# Data in this exercise
##############################

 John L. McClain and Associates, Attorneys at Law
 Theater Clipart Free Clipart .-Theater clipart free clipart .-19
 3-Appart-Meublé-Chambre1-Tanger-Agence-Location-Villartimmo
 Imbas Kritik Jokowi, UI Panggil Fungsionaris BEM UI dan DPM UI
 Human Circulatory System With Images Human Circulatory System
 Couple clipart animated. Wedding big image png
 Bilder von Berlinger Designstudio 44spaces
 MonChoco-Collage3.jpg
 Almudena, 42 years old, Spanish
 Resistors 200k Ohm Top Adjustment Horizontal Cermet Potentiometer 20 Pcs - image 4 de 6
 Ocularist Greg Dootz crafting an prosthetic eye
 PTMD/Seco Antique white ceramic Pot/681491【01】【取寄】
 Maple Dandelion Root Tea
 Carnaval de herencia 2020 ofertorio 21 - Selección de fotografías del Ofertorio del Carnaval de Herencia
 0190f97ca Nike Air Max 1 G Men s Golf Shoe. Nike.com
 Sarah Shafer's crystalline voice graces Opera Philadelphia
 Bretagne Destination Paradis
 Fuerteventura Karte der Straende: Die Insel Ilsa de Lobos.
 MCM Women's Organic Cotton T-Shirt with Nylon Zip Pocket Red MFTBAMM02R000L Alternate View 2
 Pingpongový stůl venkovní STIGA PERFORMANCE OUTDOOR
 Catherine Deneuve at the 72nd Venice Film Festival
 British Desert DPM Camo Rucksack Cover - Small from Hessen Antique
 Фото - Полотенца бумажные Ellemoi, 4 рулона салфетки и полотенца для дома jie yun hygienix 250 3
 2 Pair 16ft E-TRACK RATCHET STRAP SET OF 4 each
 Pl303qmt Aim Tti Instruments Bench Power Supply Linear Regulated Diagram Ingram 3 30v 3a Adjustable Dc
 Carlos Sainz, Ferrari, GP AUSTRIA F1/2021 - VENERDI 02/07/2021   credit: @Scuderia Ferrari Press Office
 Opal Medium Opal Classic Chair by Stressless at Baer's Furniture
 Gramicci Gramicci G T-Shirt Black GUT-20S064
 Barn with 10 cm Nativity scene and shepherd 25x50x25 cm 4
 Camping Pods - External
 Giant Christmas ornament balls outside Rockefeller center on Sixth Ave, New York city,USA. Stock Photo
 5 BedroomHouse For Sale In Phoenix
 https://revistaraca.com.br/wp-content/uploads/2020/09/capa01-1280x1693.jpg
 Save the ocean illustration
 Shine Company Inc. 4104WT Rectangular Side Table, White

##############################

# Prompt
Exactly the lines above from the one with "Carlos Sainz, Ferrari, GP" to the one with "Gramicci Gramicci G T-Shirt Black GUT-20S064", both included, are to be quoted; leave the rest out.

# Solved exercise
 Carlos Sainz, Ferrari, GP AUSTRIA F1/2021 - VENERDI 02/07/2021   credit: @Scuderia Ferrari Press Office
 Opal Medium Opal Classic Chair by Stressless at Baer's Furniture
 Gramicci Gramicci G T-Shirt Black GUT-20S064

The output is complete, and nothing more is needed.